** Stored data follows **
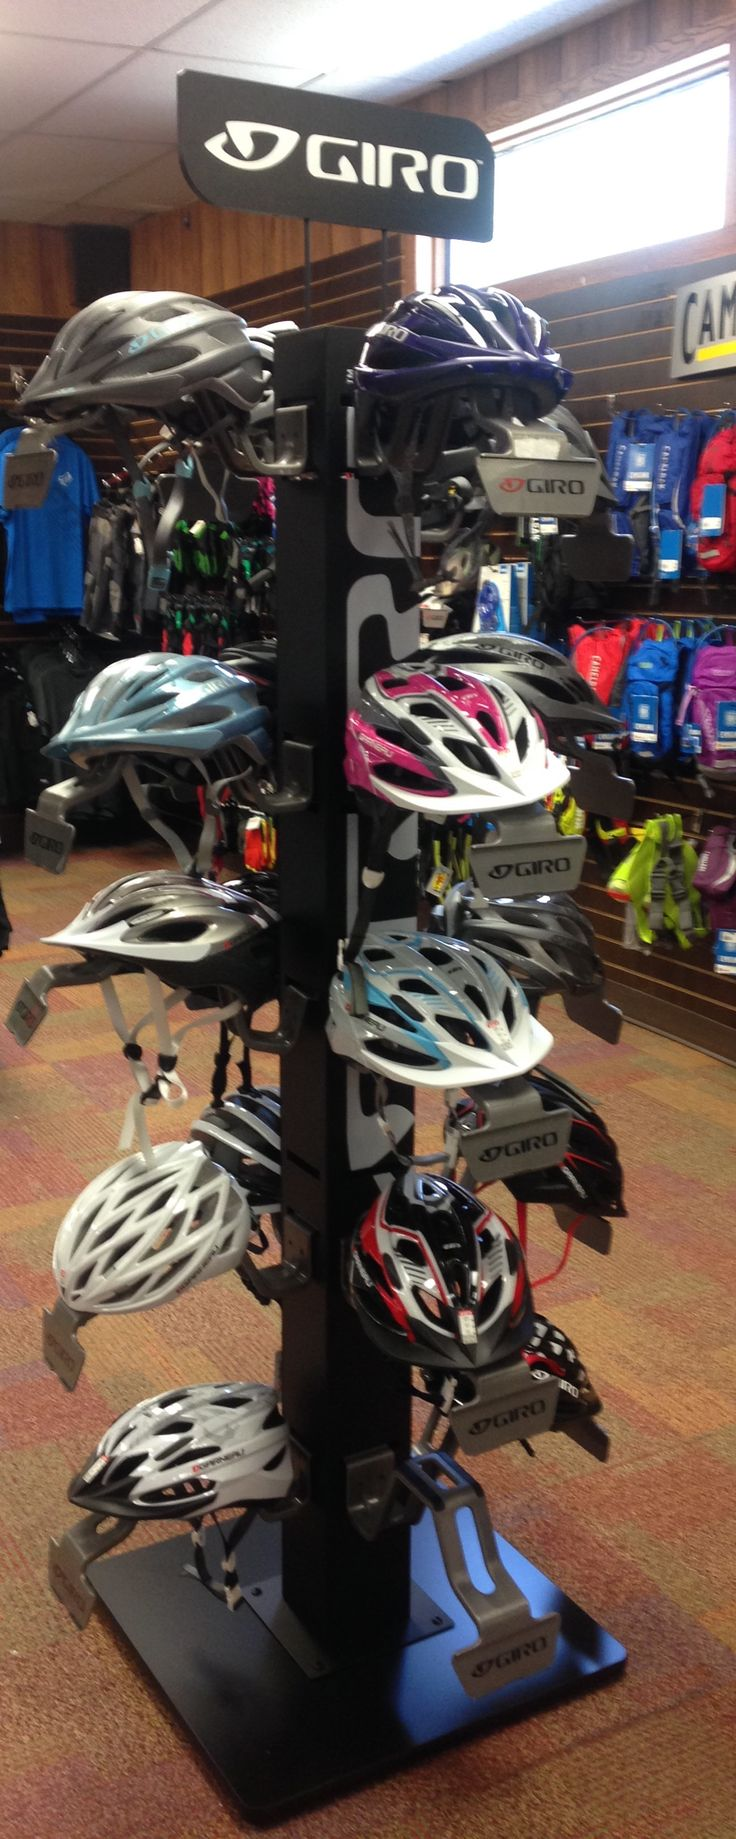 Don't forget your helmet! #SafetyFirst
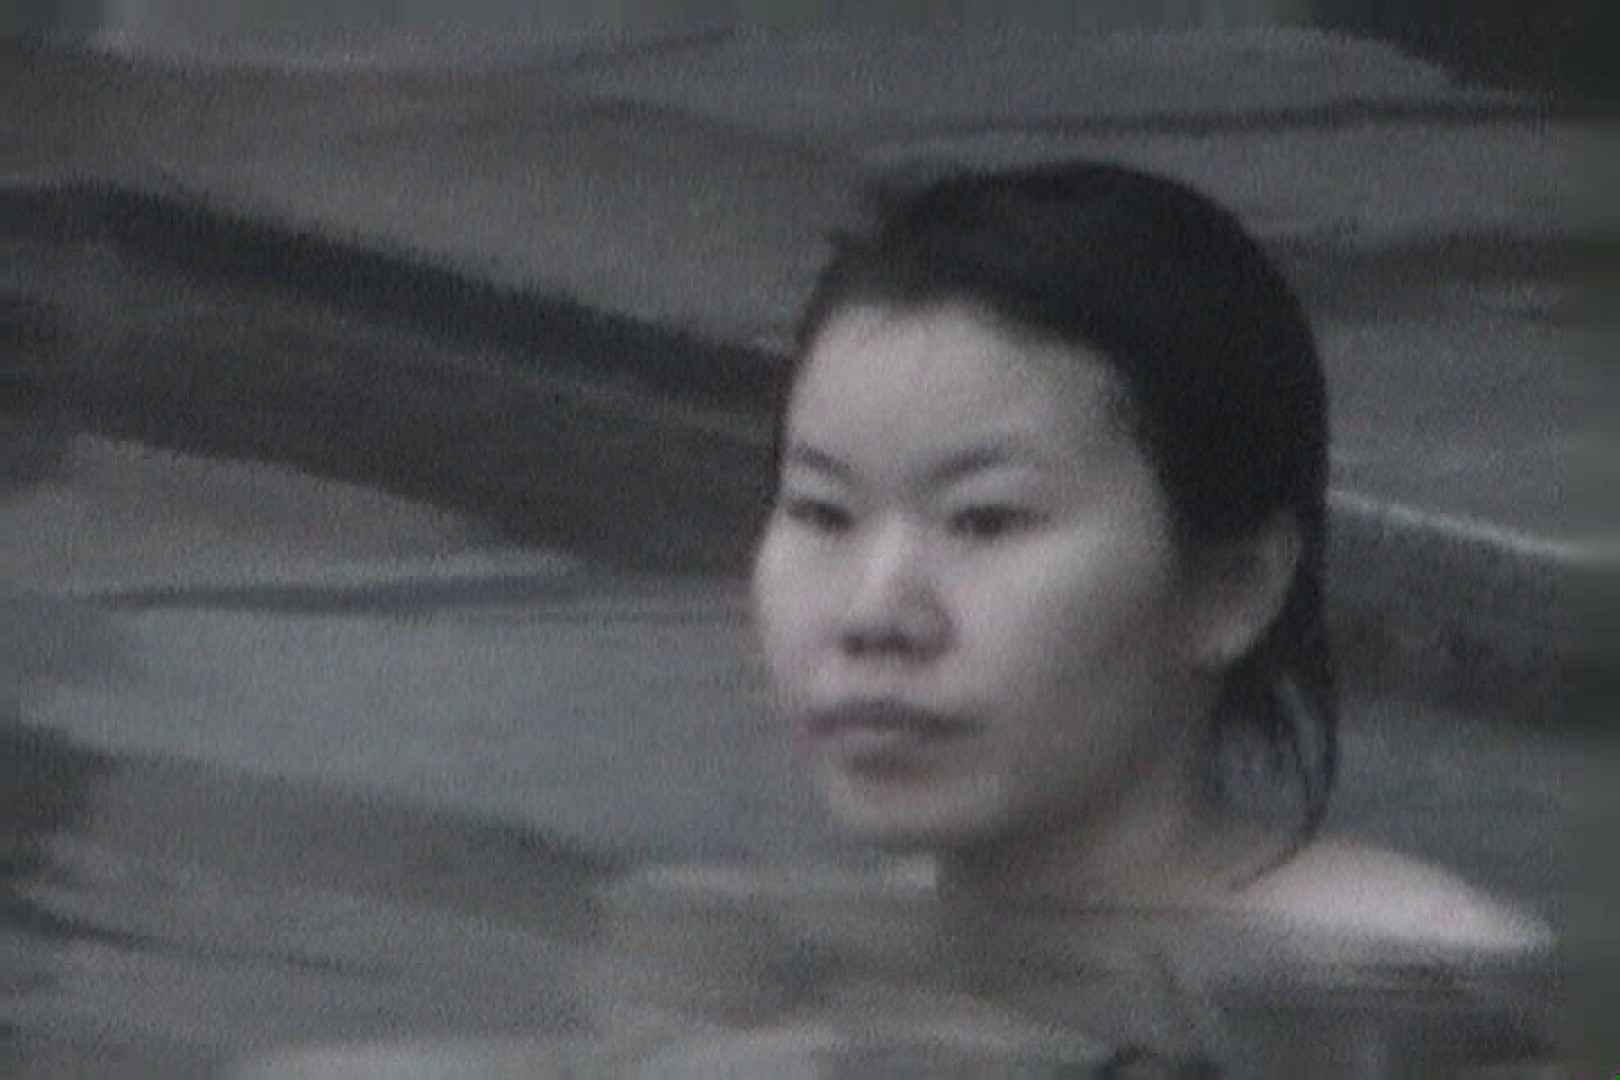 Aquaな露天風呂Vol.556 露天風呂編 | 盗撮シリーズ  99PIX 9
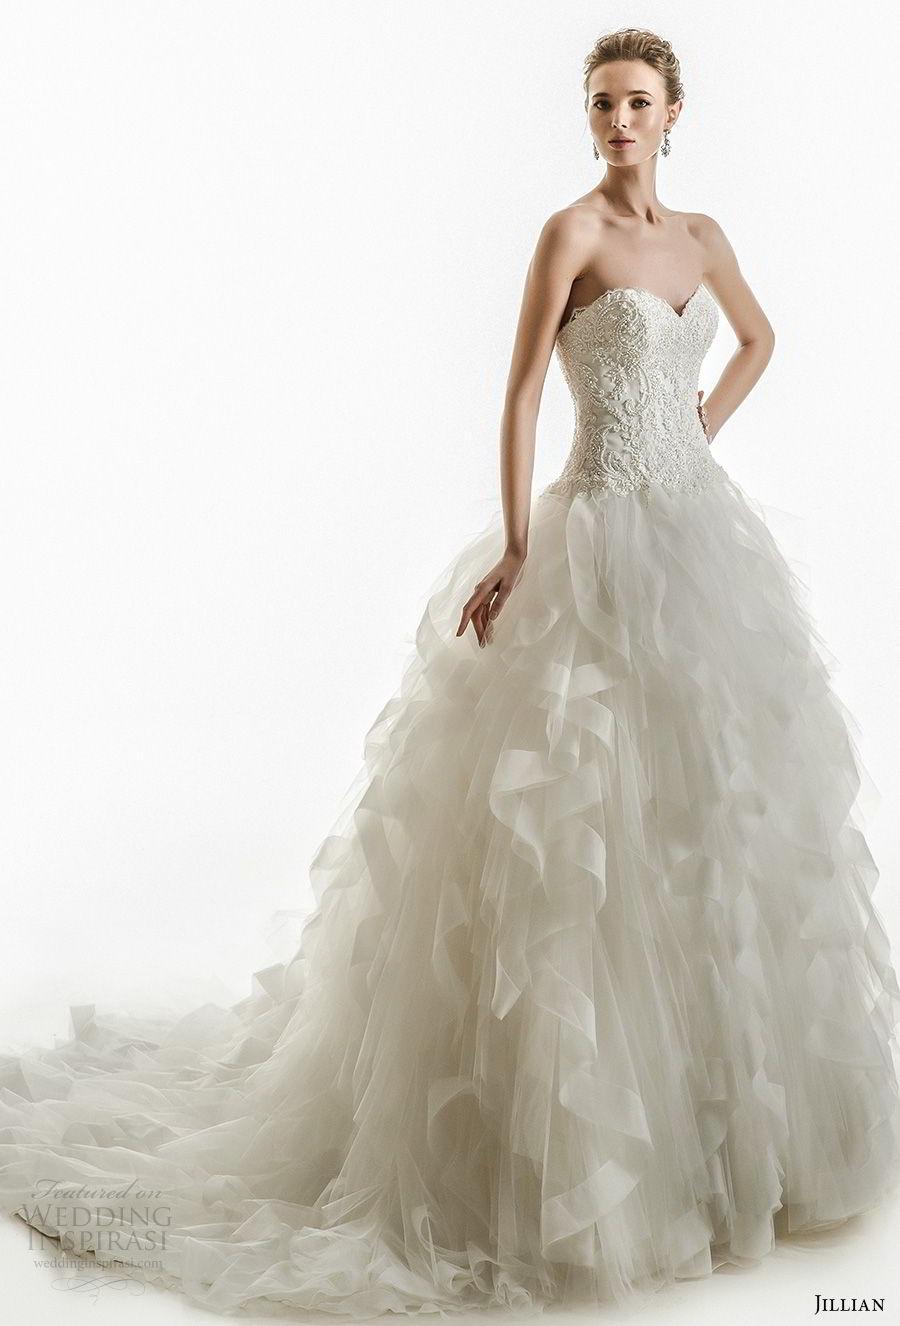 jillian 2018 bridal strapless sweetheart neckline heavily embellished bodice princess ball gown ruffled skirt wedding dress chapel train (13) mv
** End of Stored data **
Output all the material above exactly once more, leaving every picture out.

 Don't forget your helmet! #SafetyFirst
 Aquaな露天風呂Vol.556 露天風呂編 | 盗撮シリーズ  99PIX 9
 jillian 2018 bridal strapless sweetheart neckline heavily embellished bodice princess ball gown ruffled skirt wedding dress chapel train (13) mv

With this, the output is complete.